RAW DATA:
Content starts

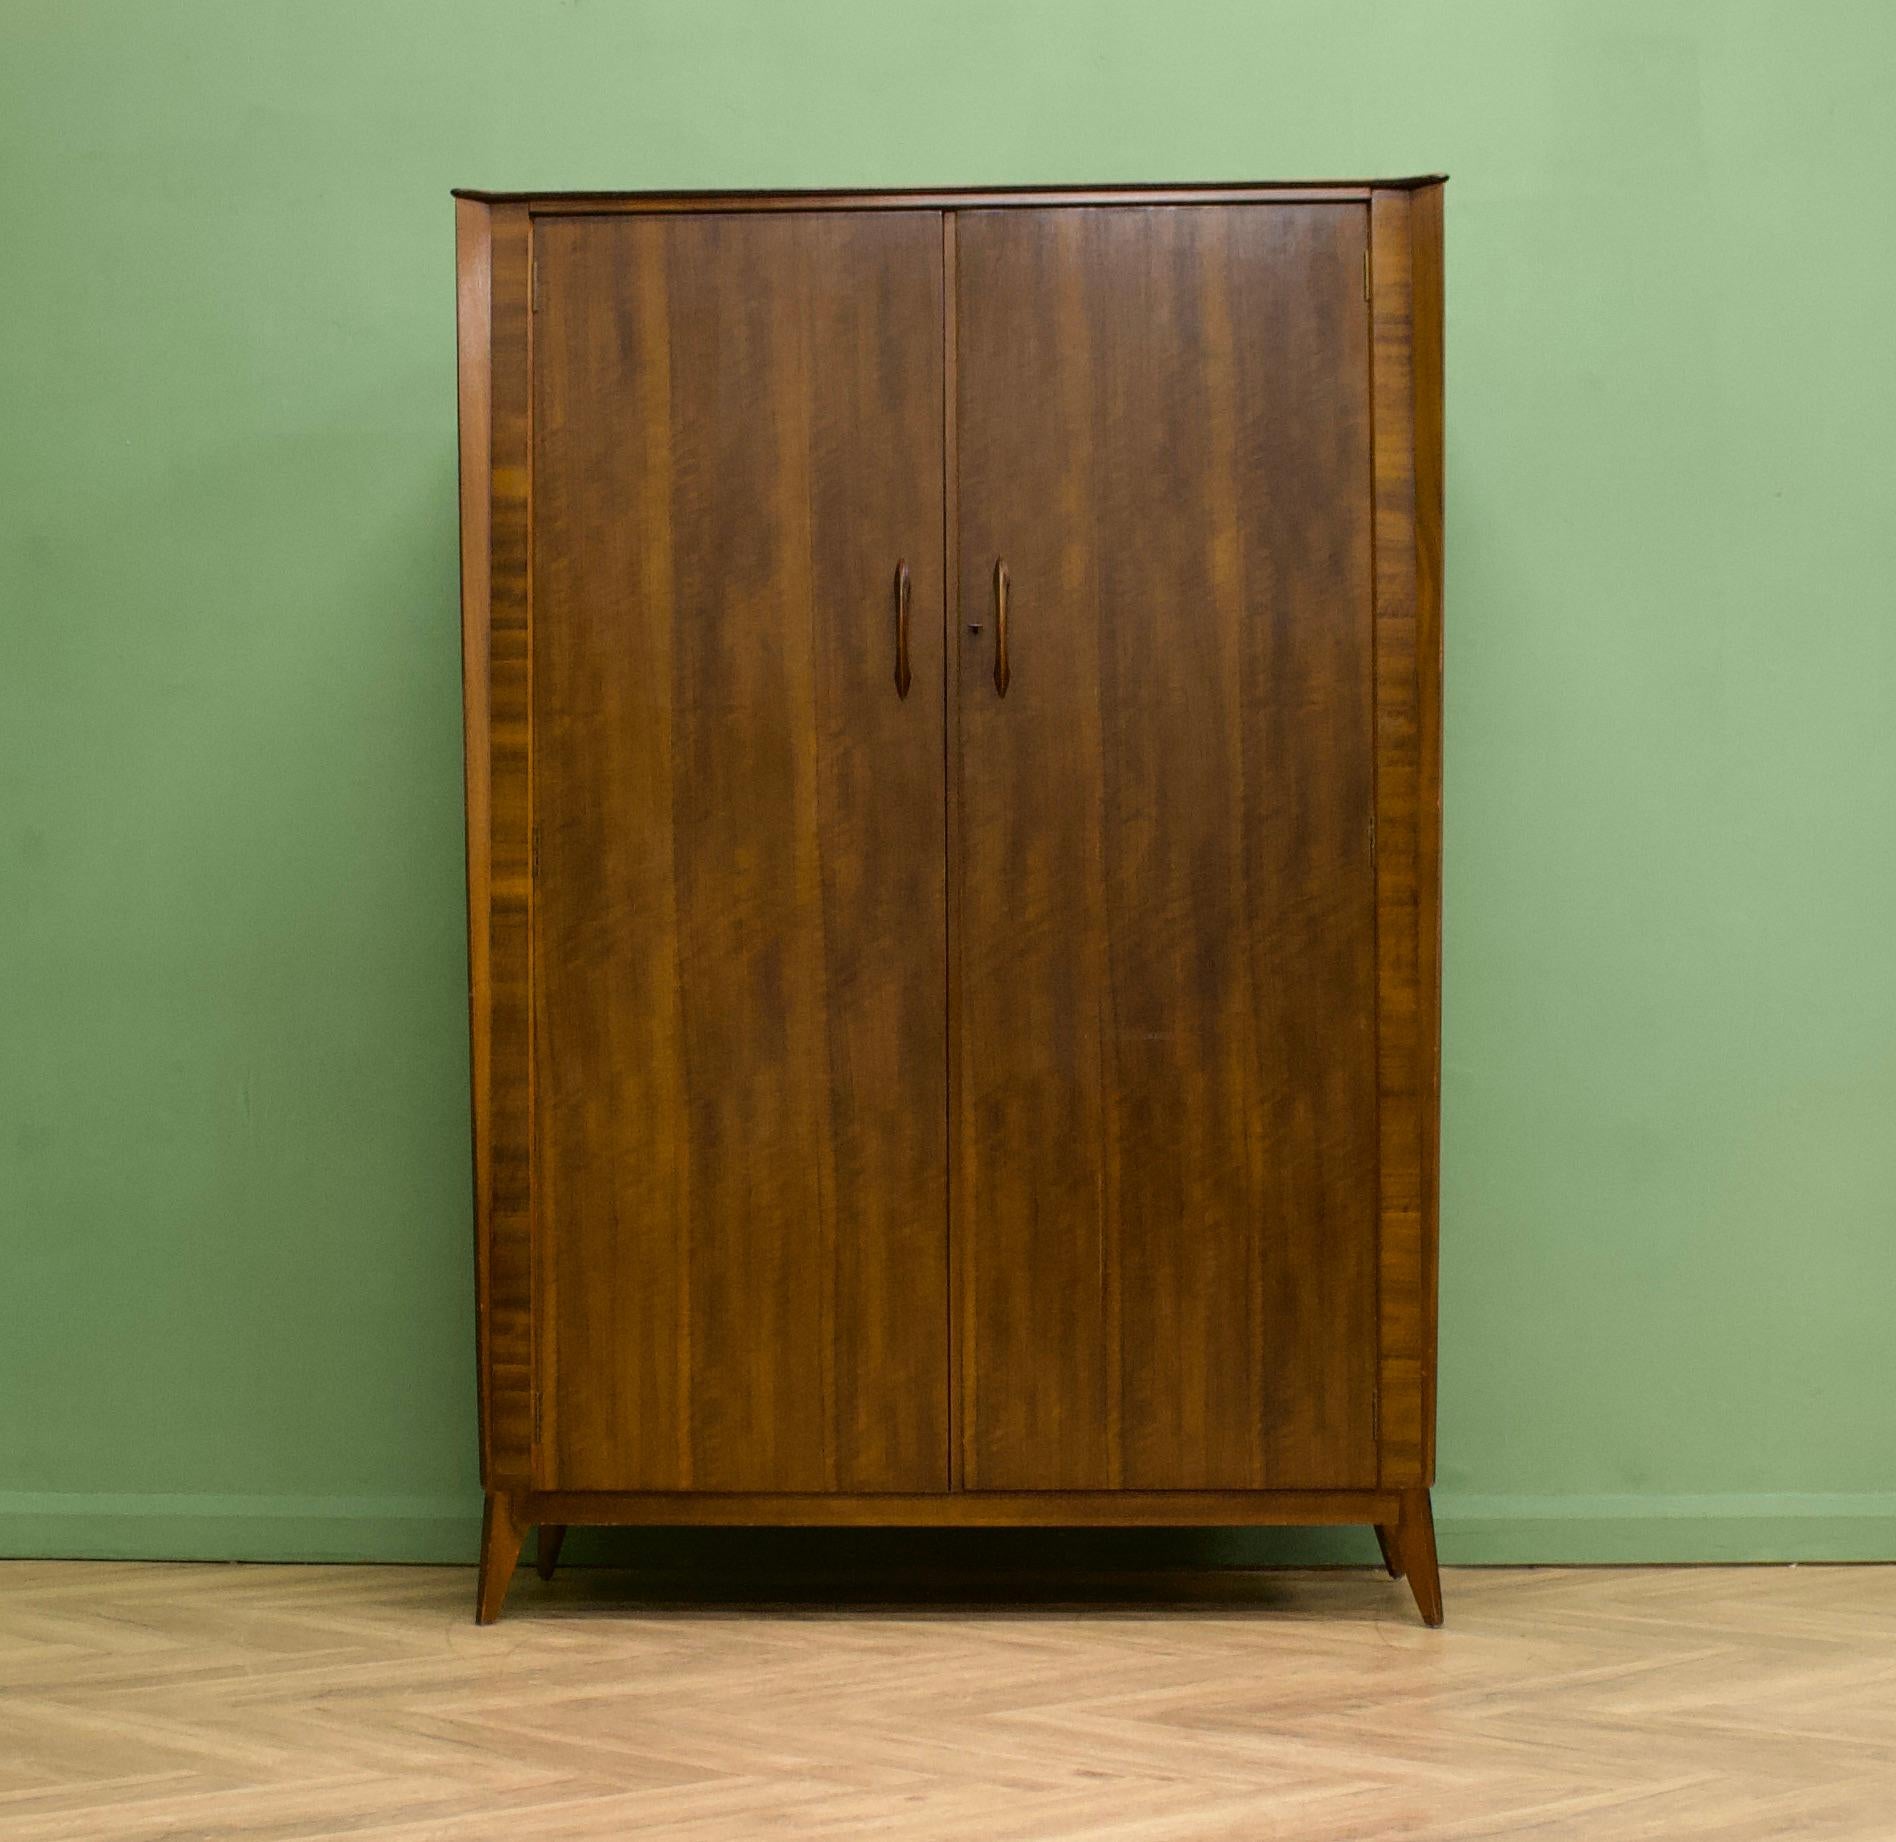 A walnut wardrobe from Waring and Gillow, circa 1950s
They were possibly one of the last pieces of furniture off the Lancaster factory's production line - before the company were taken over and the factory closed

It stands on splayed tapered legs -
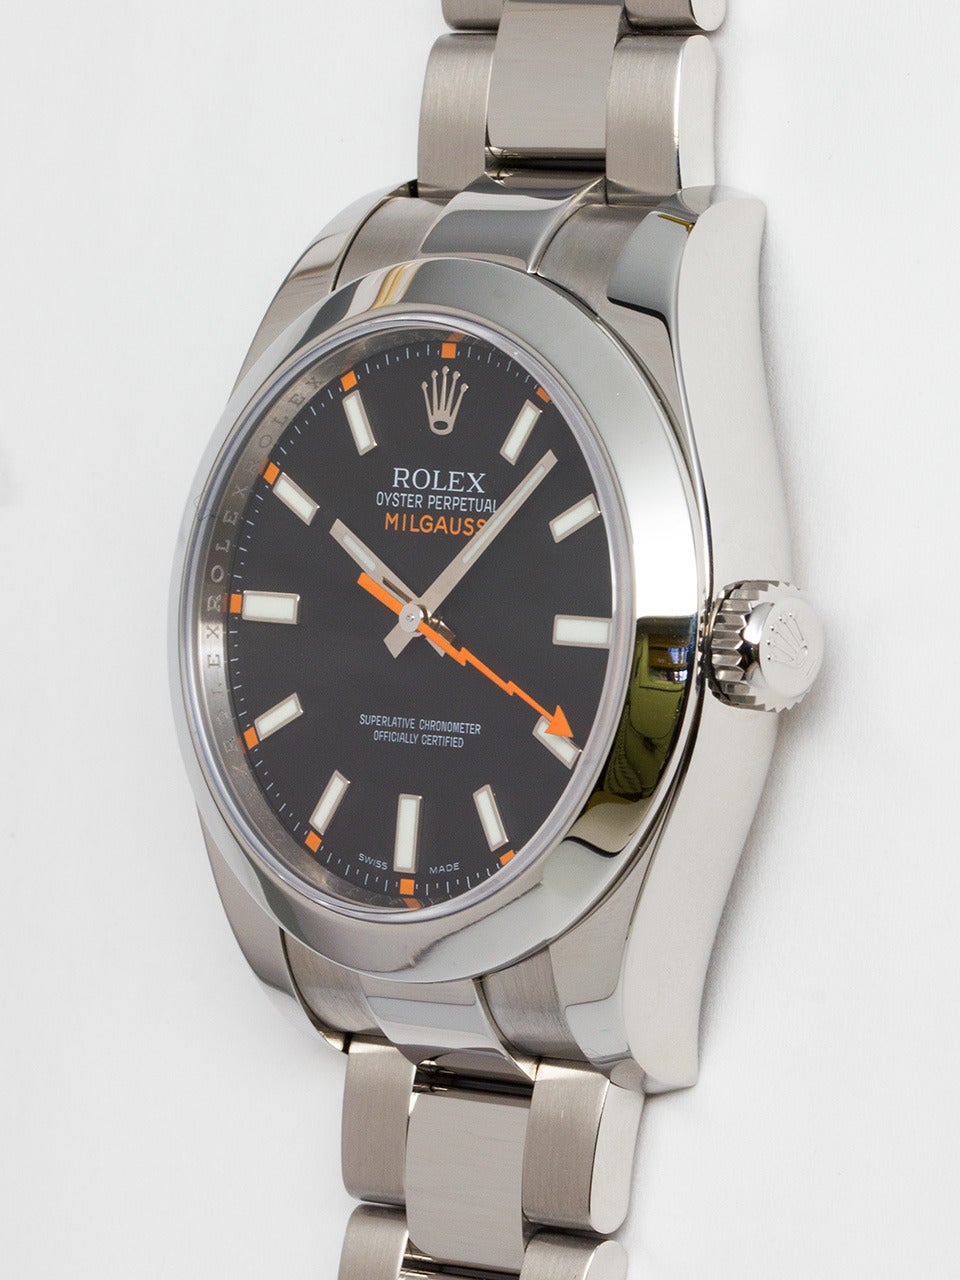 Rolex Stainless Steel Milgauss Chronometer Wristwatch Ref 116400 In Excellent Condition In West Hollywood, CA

Content ends

WHAT THIS TASK INVOLVES:
Restate the data above word for word, omitting every picture.

WRITTEN SOLUTION:
 A walnut wardrobe from Waring and Gillow, circa 1950s
They were possibly one of the last pieces of furniture off the Lancaster factory's production line - before the company were taken over and the factory closed

It stands on splayed tapered legs -
 Rolex Stainless Steel Milgauss Chronometer Wristwatch Ref 116400 In Excellent Condition In West Hollywood, CA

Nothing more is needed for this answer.